What’s not right here?

Did we handle edge cases like a negative amount of items? What about 100,000 items? Should that be considered?

To address those issues, let’s use our Result pattern again:

function calculateDiscount(items: number): Result<number, CalculationError> {
  if (items < 0) {
    return Err(new CalculationNegativeItemCountError(items));
  } else if (items > 1000) {
    return Err(new CalculationTooManyItemsError(items));
  }

  if (items >= 10) {
    return Ok(10);
  }
  if (items >= 20) {
    return Ok(20);
  }

  return Ok(0);
}

The Enigma of User Input

Another fun and unexpected thing we can deal with is the user’s inputs. Your users will always surprise you with their inputs and the ways they will use your application. A good way to simulate your users’ interactions with your application is putting your cat on your keyboard and seeing what happens.

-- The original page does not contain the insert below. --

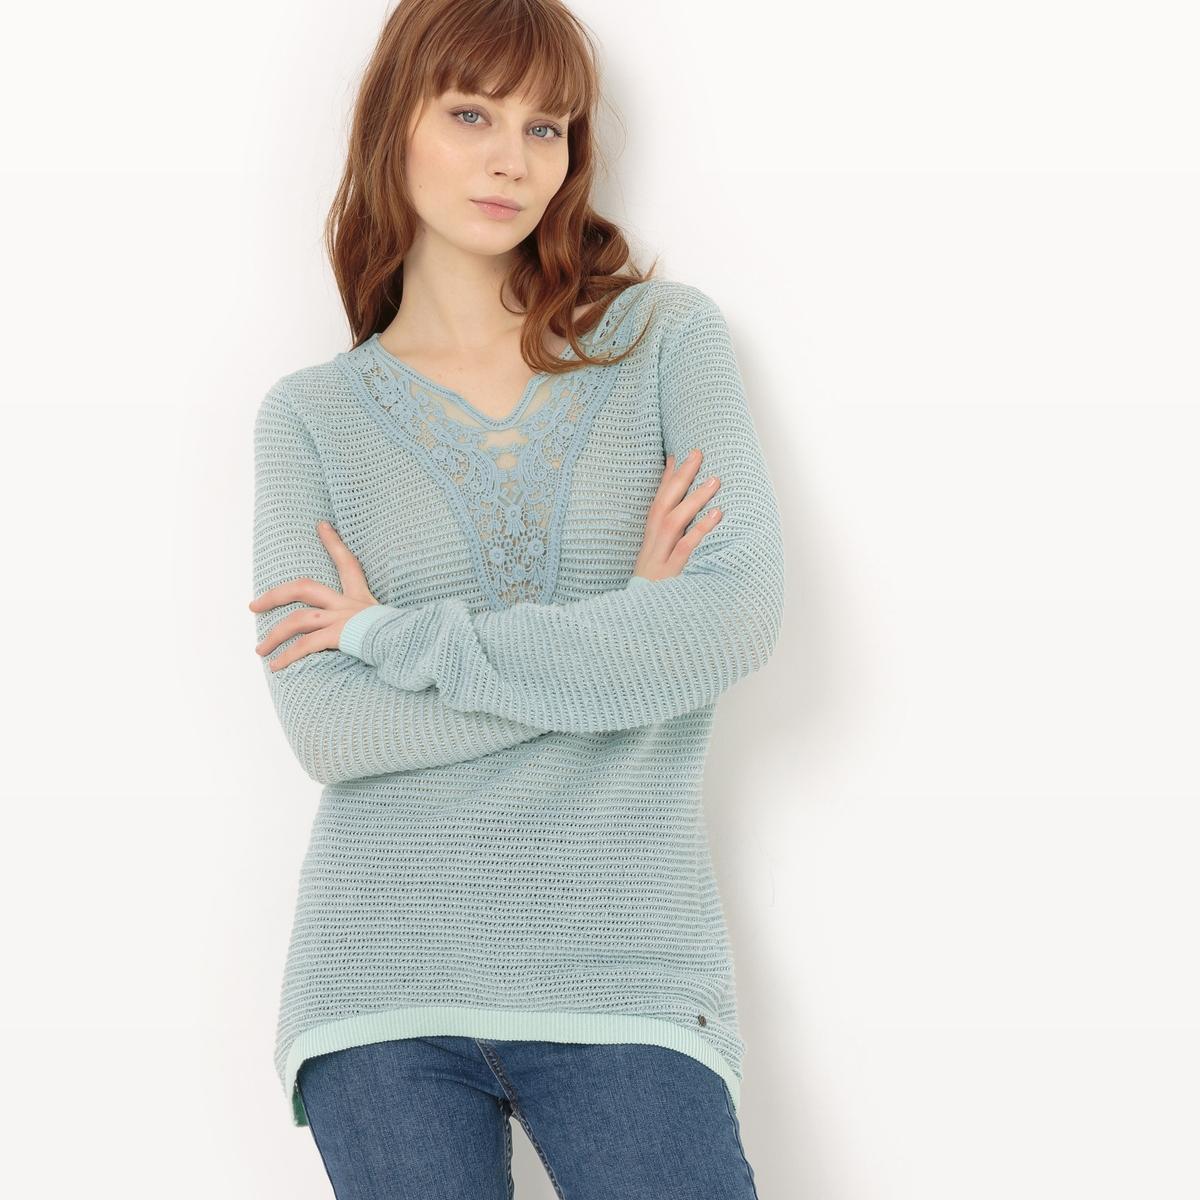 Пуловер с круглым вырезом из хлопкаОписание:Детали   •  Пуловер классический •  Длинные рукава •  Круглый вырез •  Тонкий трикотажСостав и уход   •  84% хлопка, 6% металлизированных волокон, 10% полиэстера •  Следуйте рекомендациям по уходу, указанным на этикетке изделия<br><br>Цвет: зеленый сине-зеленый<br>Размер: M

Let’s look at a simple function that accepts a string representing a user’s age, coming directly from a form without any sanitization:

function updateAge(userInput: string): string {
  const age = parseInt(userInput);
  return `You are ${age} years old`;
}

The above is, of course, pure madness. Consider the following inputs:

updateAge("-9");
updateAge("100000");
updateAge("old");
updateAge("");

Let’s improve it:

function updateAge(userInput: string): Result<string, UpdateAgeError> {
  const age = parseInt(ageInput);
  if (isNaN(age)) {
    return Err(new UpdateAgeNotNumberError(age));
  } else if (age <= 0) {
    return Err(new UpdateAgeTooYoungError(age));
  } else if (age > 120) {
    return Err(new UpdateAgeTooOldError(age));
  }
  return Ok(`You are ${age} years old.`);
}

Embrace the Chaos

Thinking about those error and edge cases makes us better developers, and helps us avoid those calls to put out fires when things go wrong. Always keep a curious and experimental mindset, and look for those pitfalls.

Using the Result pattern is a huge asset to you and your team, and will elevate your error handling throughout your whole stack.

Tools such as static type checking and linters are amazing, but they are no replacement for critical thinking. Before shipping your code, I advise you to stop, take a broad look at what you’re doing, and ask yourself: “what could possibly go wrong here?”. Writing meaningful tests can often shed light on those edge cases you’ve missed.